到了美國才感覺到,一般的美國人說話比較“不講究”,語法不語法的,意思能表
達清楚了也就可以了。所以,說話也就漸漸地變得比較“隨便”,入鄉隨俗嘛。

第一次在電視上看美國總統辯論時,很為克林頓、老布什總統的口才傾倒,也很欣
賞當時的競選第三者,Ross Perot的德克薩斯口音與詼諧。政治家自然和商人及一
般人不同,領袖嘛,得有讓人佩服的地方。而2000年W布什與戈爾的總統競選辯論,
以及布什以後的白宮生涯,改變了這種看法,想不到,耶魯大學法學院畢業的美國
總統,不但頭痛“fuzzy math”,而且竟然經常使用“gummy grammar [拙劣的語法
]”,有些話簡直成了“經典”,常被引用,象下文中提到的“Is our children
learning?” 恐怕會讓國內教初級英文的老師笑掉大牙吧。

現在,又來了個競選副總統的州長佩林,新聞記者專業畢業,不但對過去8年的曆史
頭痛,設法避而不談,其在采訪、VP辯論中的表現/表演,更讓人捧腹、驚訝。

當年布什獲選的一個原因,據說是一些選民認為布什象是“他們”中的一個,可以
隨和到在一起喝啤酒。現在,又有人欣賞佩林的風度,說她象是個懂得柴米油鹽的
家庭婦女。一個可以與其一起喝啤酒的總統把美國領導到如今的地步,一個可以與
其聊家常的家庭婦女副總統會把美國領導出目前的境地嗎?

“We could, following her strenuously folksy debate performance, wonder
when elite became a bad thing in America. Navy Seals are elite, and they
get lots of training so they can swim underwater and invade a foreign country,
but if you’re governing the country that dispatches the Seals, it’s not
O.K. to be elite? Can likable still trump knowledgeable at such a vulnerable
crossroads for the country?”

在電視評論節目中見到過下文作者Maureen Dowd,話語不多,聲調不高,但言辭犀
利。不愧是普利策獎的得主。

有時候,得欣賞原文,原汁原味兒,尤其是這種諷刺有加的專欄文章。

OP-ED COLUMNIST
Sarah’s Pompom Palaver,By MAUREEN DOWD,Published: October 4, 2008

I had hoped I was finally done with acting as an interpreter for politicians
whose relationship with the English language was tumultuous.

There’s W.’s gummy grammar, of course, like the classic, “Is our children
learning?” And covering the first Bush White House required doing simultaneous
translation for a president who never met a personal pronoun he liked or a wacky
non sequitur he could resist.

Poppy Bush drew comparisons to Warren G. Harding, whose prose reminded H. L.
Mencken of “a string of wet sponges. ... It is so bad that a sort of grandeur
creeps into it.” When Harding died, E. E. Cummings lamented, “The only man,
woman or child who wrote a simple declarative sentence with seven grammatical
errors is dead.”

Being mush-mouthed helped give the patrician Bushes the common touch. As
Alistair Cooke observed, “Americans seem to be more comfortable with
Republican presidents because they share the common frailty of muddled syntax
and because, when they attempt eloquence, they do tend to spout a kind of
Frontier Baroque.”

Darn right. And that, doggone it, brings us to a shout-out for the latest
virtuoso of Frontier Baroque, bless her heart, the governor of the Last
Frontier. Her reward’s in heaven.

At Sarah Palin’s old church in Wasilla, they spoke in tongues. Maybe that’s
where she picked it up.

Hillary Clinton and John McCain ran against Barack Obama by sneering that their
prose was meatier than The One’s poetry. Sarah’s running against the
Democrat’s highfalutin eloquence by speakin’ in homespun haikus.
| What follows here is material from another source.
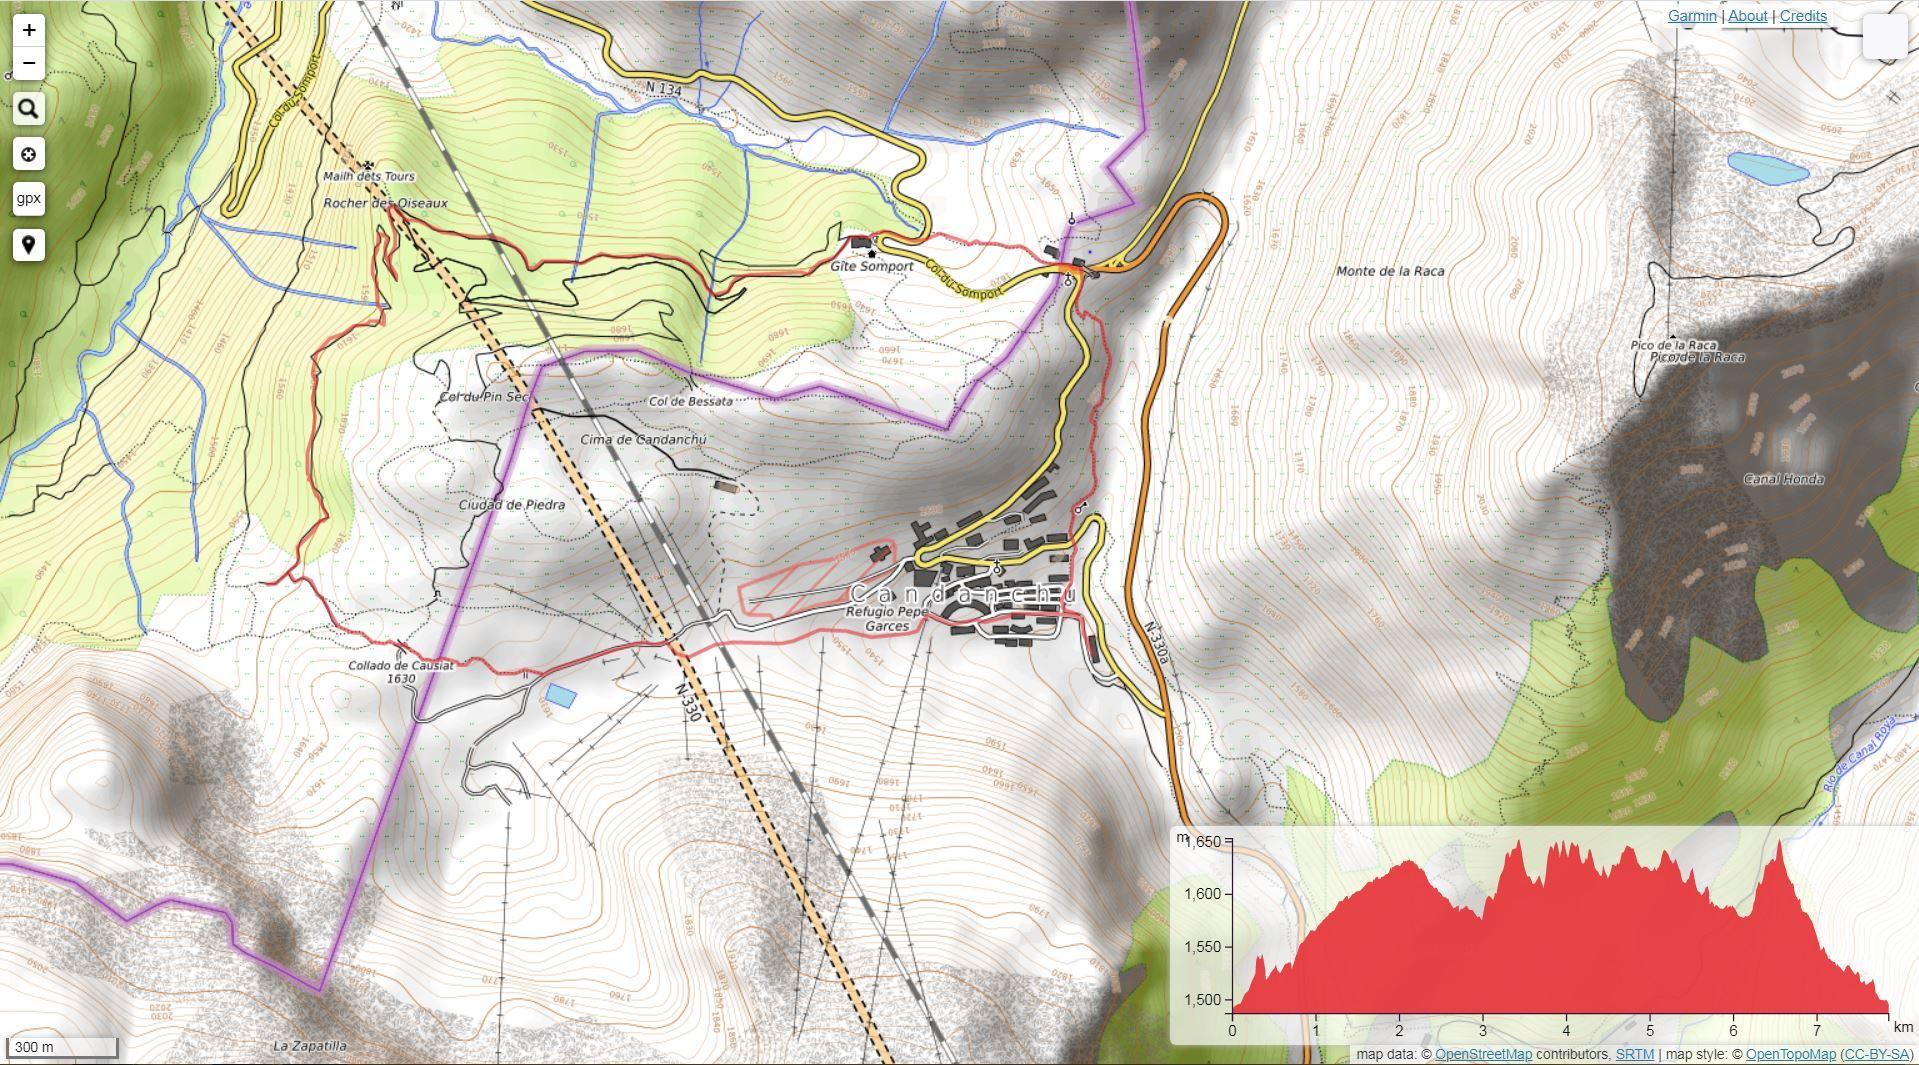 Ruta de montaña en Candanchú - Ruta circular al Somport

We could, following her strenuously folksy debate performance, wonder when
elite became a bad thing in America. Navy Seals are elite, and they get lots of
training so they can swim underwater and invade a foreign country, but if
you’re governing the country that dispatches the Seals, it’s not O.K. to be
elite? Can likable still trump knowledgeable at such a vulnerable crossroads for
the country?

Did Joe Biden have to rhetorically rush over to Home Depot before Sarah could
once more brandish “a little bit of reality from Wasilla Main Street there
brought to Washington, D.C.?”

With her pompom patois and sing-songy jingoism, Palin can bridge contradictory
ideas that lead nowhere: One minute she promises to get “greater oversight”
by government; the next, she lectures: “Government, you know, you’re not
always a solution. In fact, too often you’re the problem.”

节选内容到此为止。